Extractant immobilized materials

Extractants immobilized materials (EIMs) are a class of adsorbents in which the active component or extractant used to bind the target analyte separating it from its original medium is physically immobilized onto a solid support (Hidayah & Abidin, 2017). The active component or the extractant is a compound capable of ionic or complex interaction with the target metal ions. The active component is attached to the solid support’s surface by physical adsorption, or it resides in a thin solvent layer covering the support surface, or it can be part of the bulk solvent filling the pores of the solid support. In literature, solvent impregnated resins (SIRs) is commonly used to identify adsorbent obtained when solvent extractant such as N,N-dimethylformamide (DMF), N,N,N′,N′‐Tetraoctyl diglycolamide (TODGA), and Cyanex-923 are infused onto solid support like silica or resin (Sun et al. 2009; Kabay et al. 2010; Zhu and Chen 2011). Another similar term, supported ionic liquid (SIL), describes adsorbents where ionic liquids are infused into the solid support (Bao et al., 2016; Zhu et al., 2012).
The separation processes involving EIMs have been termed as supported liquid extraction (SLE) or solid-supported liquid-liquid extraction (SLLE) (Florek et al., 2016; Hidayah & Abidin, 2017; Hu et al., 2018). Supported liquid extraction (SLE) is analogous to traditional liquid-liquid extraction (LLE), where target species are separated based on their relative solubilities in two different immiscible liquids, usually water and an organic solvent containing the extractant but instead of shaking the two immiscible phases together, the extractant is supported on a solid support and put in a column (or cartridge). The REEs containing solution is passed through, REEs ion gets adsorbed, and then eluent is used to desorb the adsorbed REEs species. In SLE, it is possible to achieve higher recovery due to the increase in surface area of interaction between the extractant and the target cations and increasing the diffusion rate through control of the porous structure of the support material. Other advantages over traditional LLE are less use of organic compounds, waste reduction, and lack of third phase formation (Florek et al., 2016; Hidayah & Abidin, 2017; Kabay et al., 2010).
The synthesis of EIMs (SIRs and SILs) involves modification of already synthesized polymers or other solid supports like silica or activated carbon using dry or wet methods. In the dry method, the active component is impregnated into support in excess using a volatile solvent then the excess amount is evaporated by heating, thus leaving the active component physically adsorbed to the support surface. In the wet method, support is impregnated with a solution of active component in a non-polar or weakly polar solvent followed by repeated washing with water, leaving a layer of the non-polar solution of the active component (Bao et al., 2016; Ehrlich & Lisichkin, 2017). Based on the types of solid support used for preparing, these adsorbents can be broadly divided into organic polymer-based support and inorganic supports.
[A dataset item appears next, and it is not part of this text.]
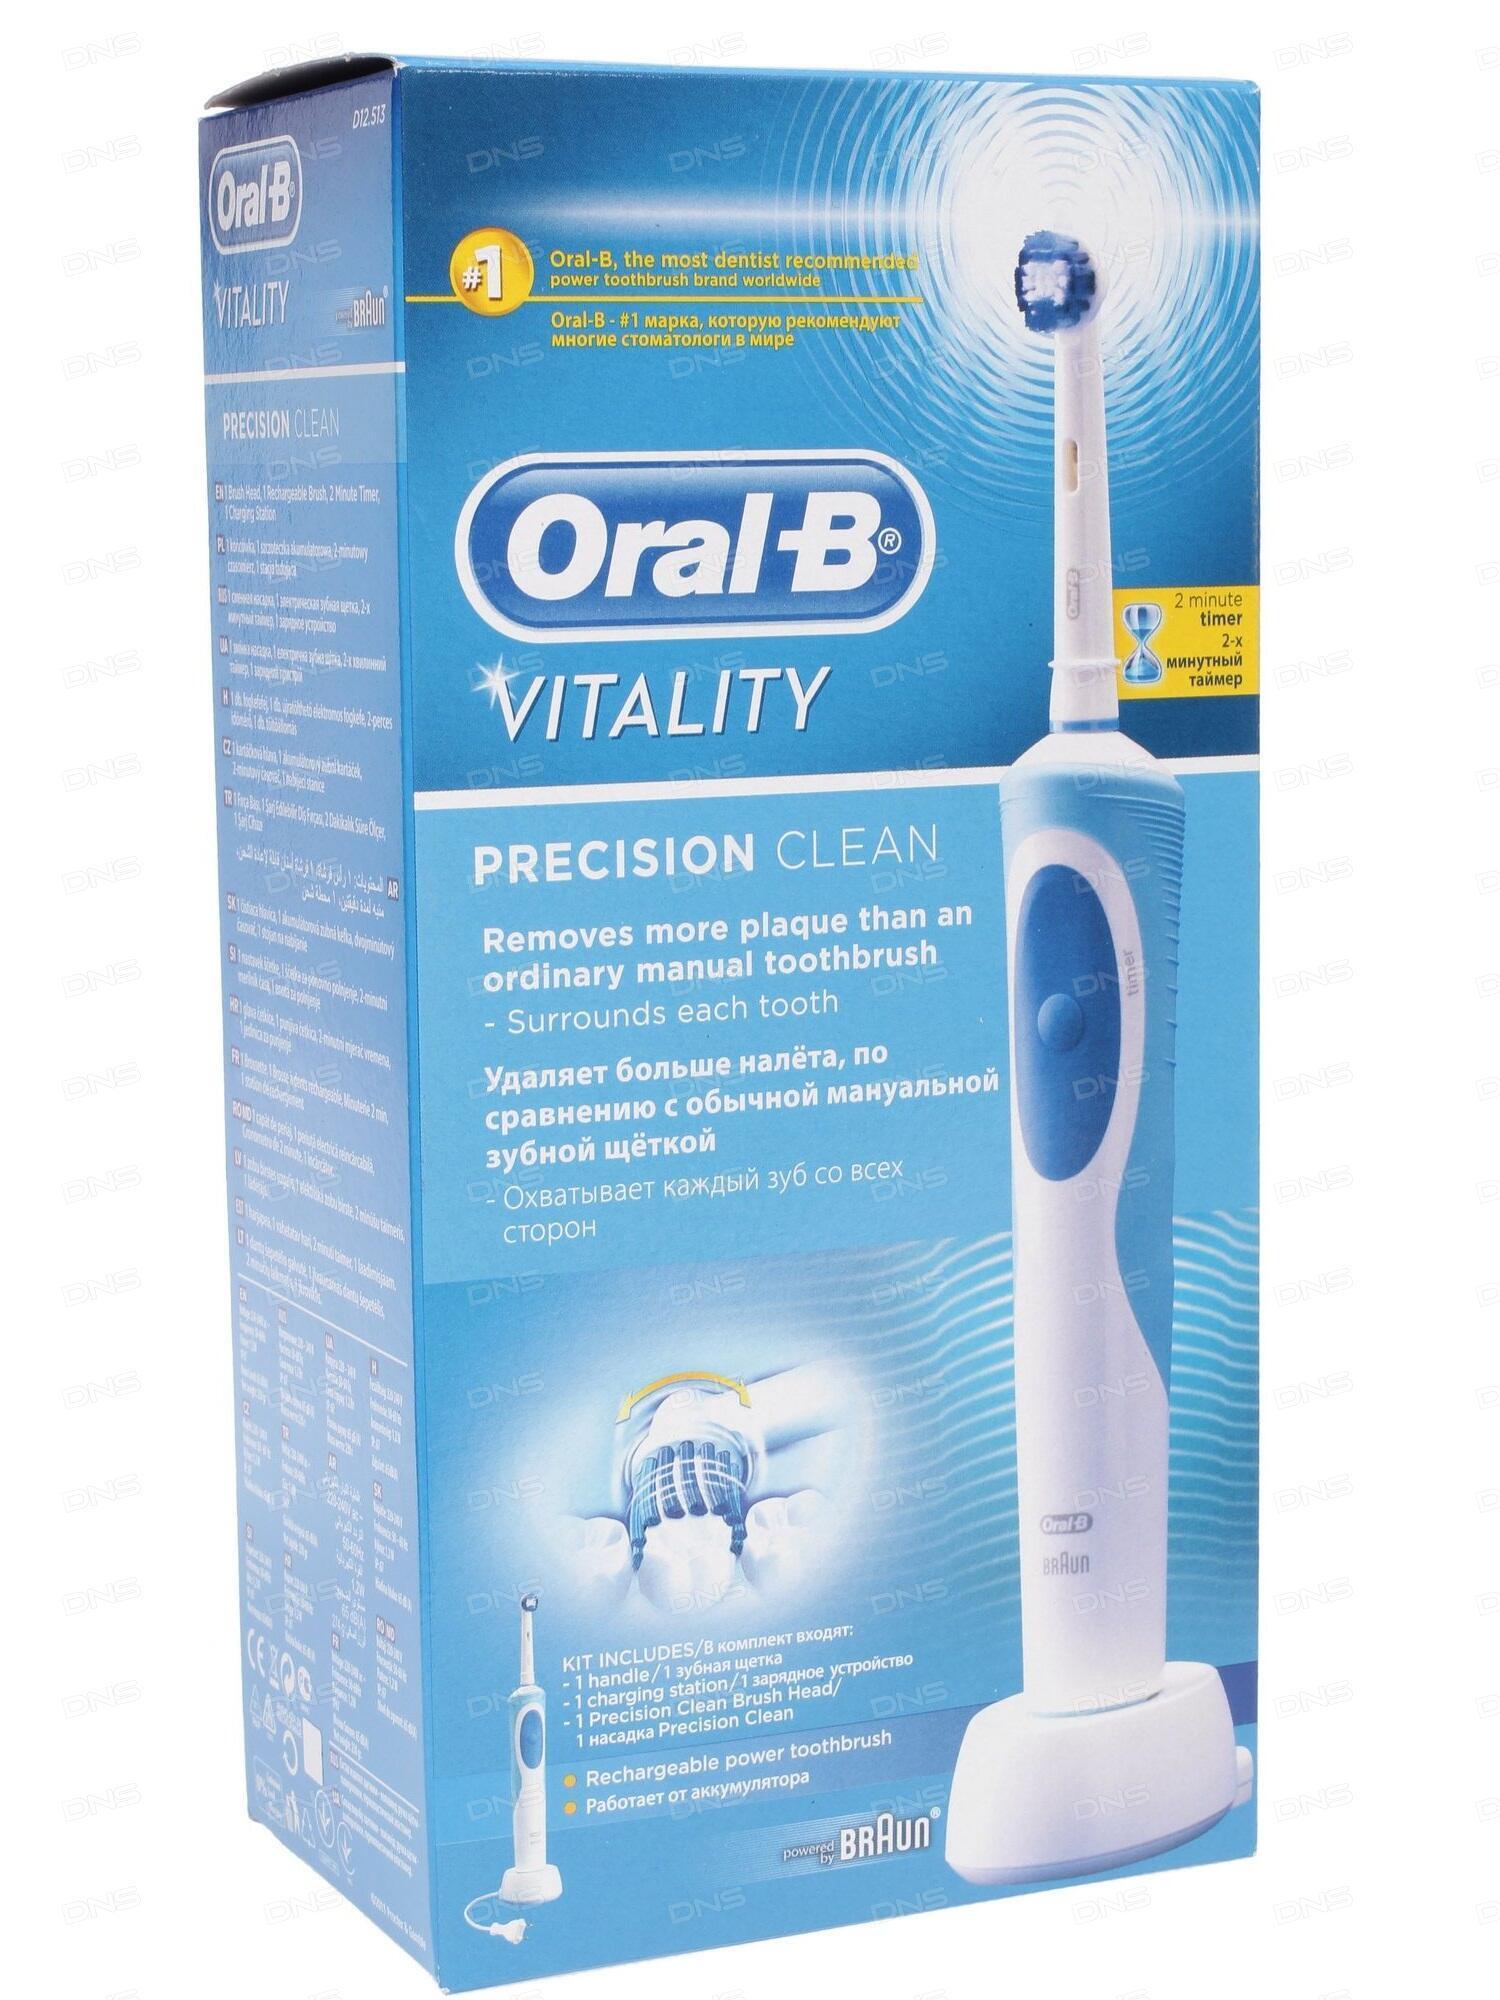 Oral b vitality precision clean 1 фотография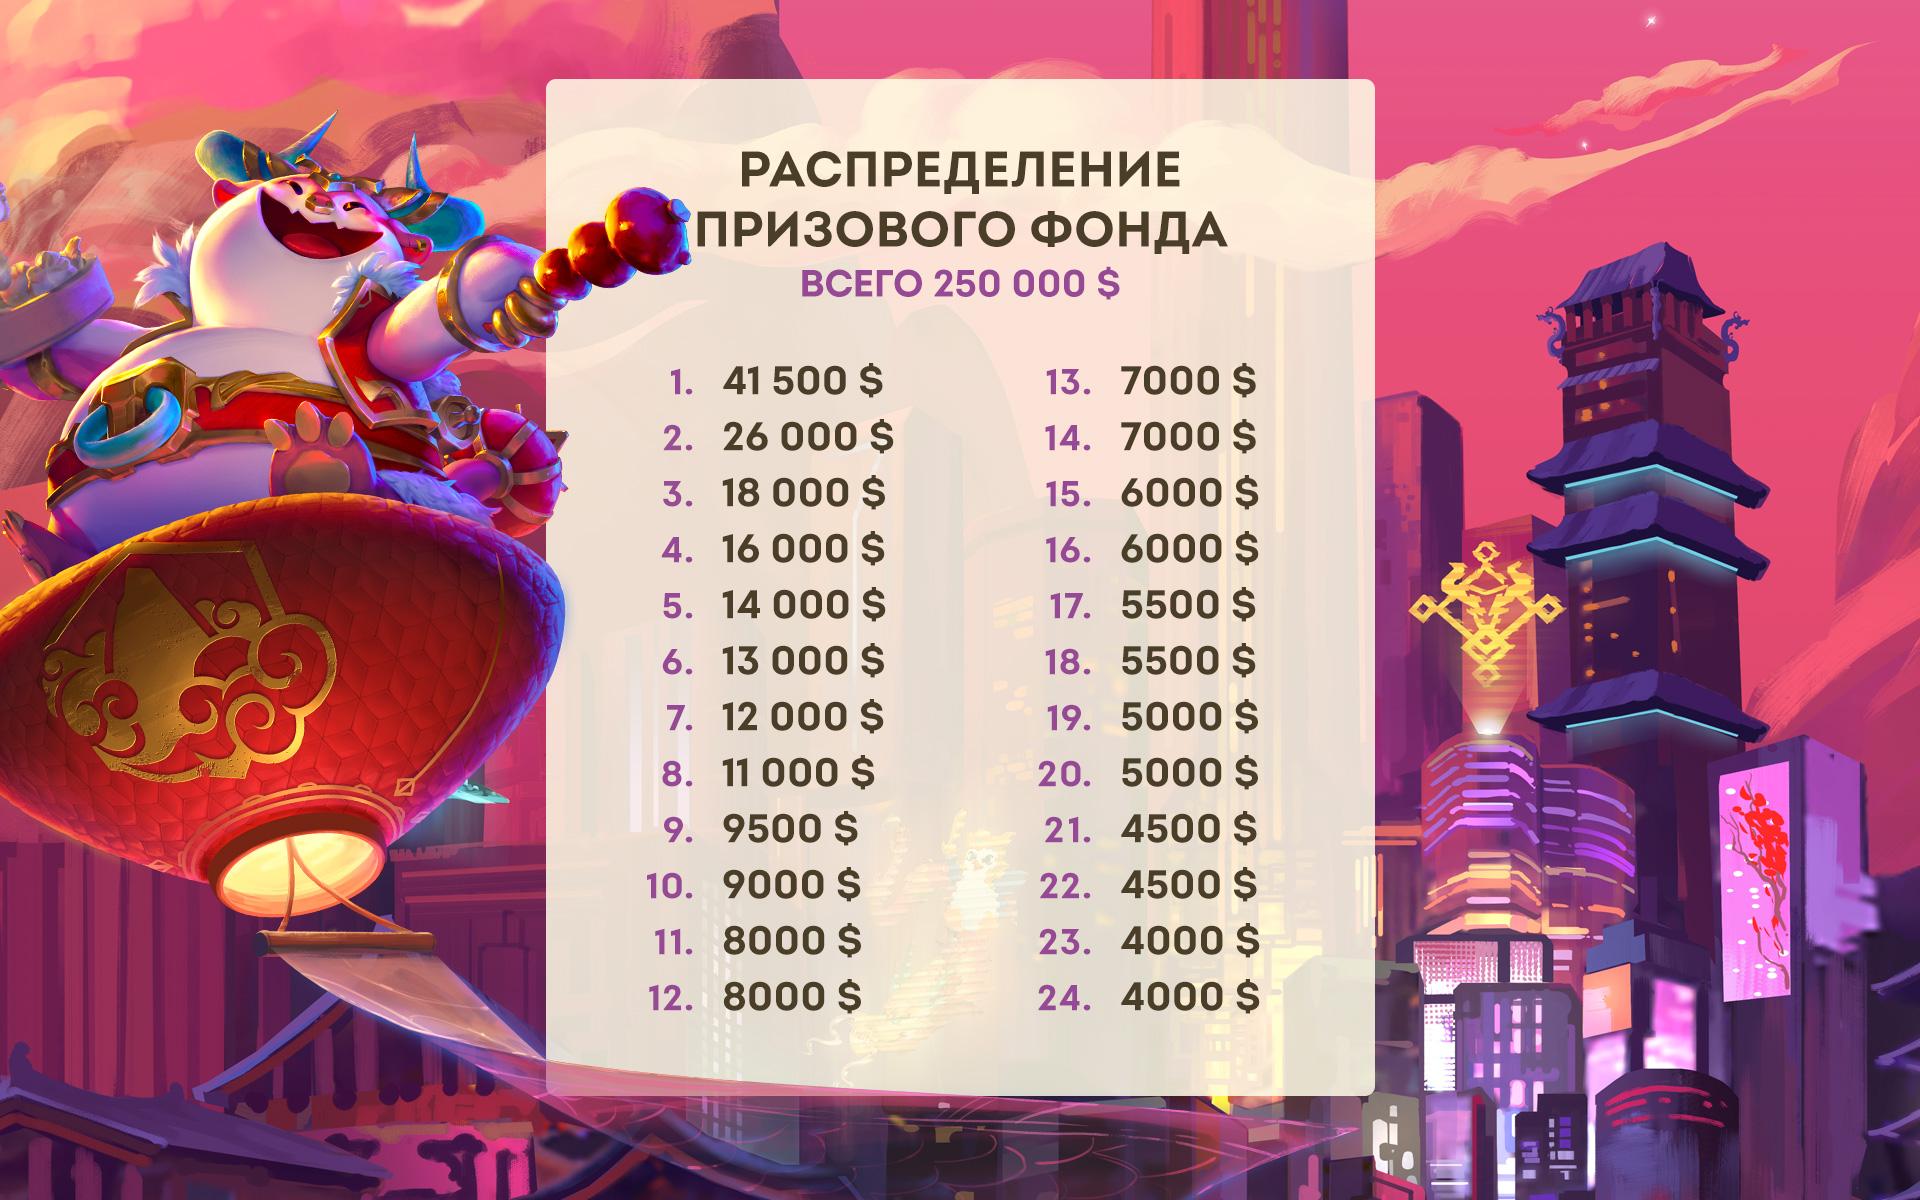 03-Prize_Pool_RU.jpg

Organic polymer-based supports

Many researchers have used organic polymers as the solid support for solvent impregnated resins (SIRs) used for REEs uptake from solution. Relevant examples of polymer based SIRs include N,N,N′N′ tetraoctyldiglycolamide (TODGA) and N,N,N′N′ tetrakis‐2‐ethylhexyldiglycolamide (TEHDGA) impregnated Amberchrom CG‐71 for REEs separation; tributyl phosphate infused Styrene–divinylbenzene to copolymer separate Am and Eu (Louis & Duyckaerts, 1984, 1985); 2-ethylhexyl phosphonic acid mono-2-ethylhexyl ester (PC88A) infused Amberlite XAD-7 for separation of Gd and Y mixtures (WAKUI et al., 1988); 8-Quinolinol (oxine) and 2-(2-(5 chloropyridylazo)-5-dimethylamino)-phenol (5ClDMPAP) immobilized Amberlite XAD-4 and XAD-7 each for preconcentration of Ce, La, and Pr (Masi & Olsina, 1993); Amberlite XAD-7 impregnated with binary mix of cobalt dicarbollide and dibutyl-N,N-diethylcarbamoylmethyl phosphonate (DBDECMP) for Eu sorption (Svoboda et al., 1997); bis(2,4,4-trimethyl pentyl) phosphinic acid (Cyanex 272) (Wang et al., 1998), 1-hexyl-4-ethyloctyl hydrogen isopropylphosphonic acid (HEOPA) (Wang et al., 2002) , and bis(2,4,4-trimethylpentyl) monothiophosphinic acid (CL302, HL) (Jia et al., 2004) infused resin for HREEs separation.
Additional examples include PC88A infused styrene–divinyl benzene copolymer for Gd(III) and Tb(III) chromatographic separation (PARK et al., 2005), Octacarboxymethyl-C-methylcalix 4-resorcinarene impregnated Amberlite XAD-16 for La(III), Ce(III), and Y(III) preconcentration (Gok et al., 2007); XAD-4 infused with tri-n-octylmethylammonium chloride (Aliquat-336) in benzene for Ln(III) and Gd(III) (Elsofany, 2008); microporous polymer infused with phosphorus podands bearing two Ph2P(O)CH2C(O)NH for REEs (Turanov et al., 2008); Cyanex272- 2-ethylhexyl phosphoric acid-2-ethylhexyl ester (P507) impregnated resin for HREEs (Liao et al., 2010); TOPS-99 infused Amberlite XAD-4  to extracted Tb (Kumar et al., 2011), β-glycerophosphate impregnated Amberlite XAD 7 for La(III) (Gabor et al., 2016); di-(2-ethylhexyl)phosphinic acid (P227) impregnated XAD-7HP for HREEs (Yang et al., 2020); and HDEHP impregnated XAD-7 for REEs (Sert et al., 2021).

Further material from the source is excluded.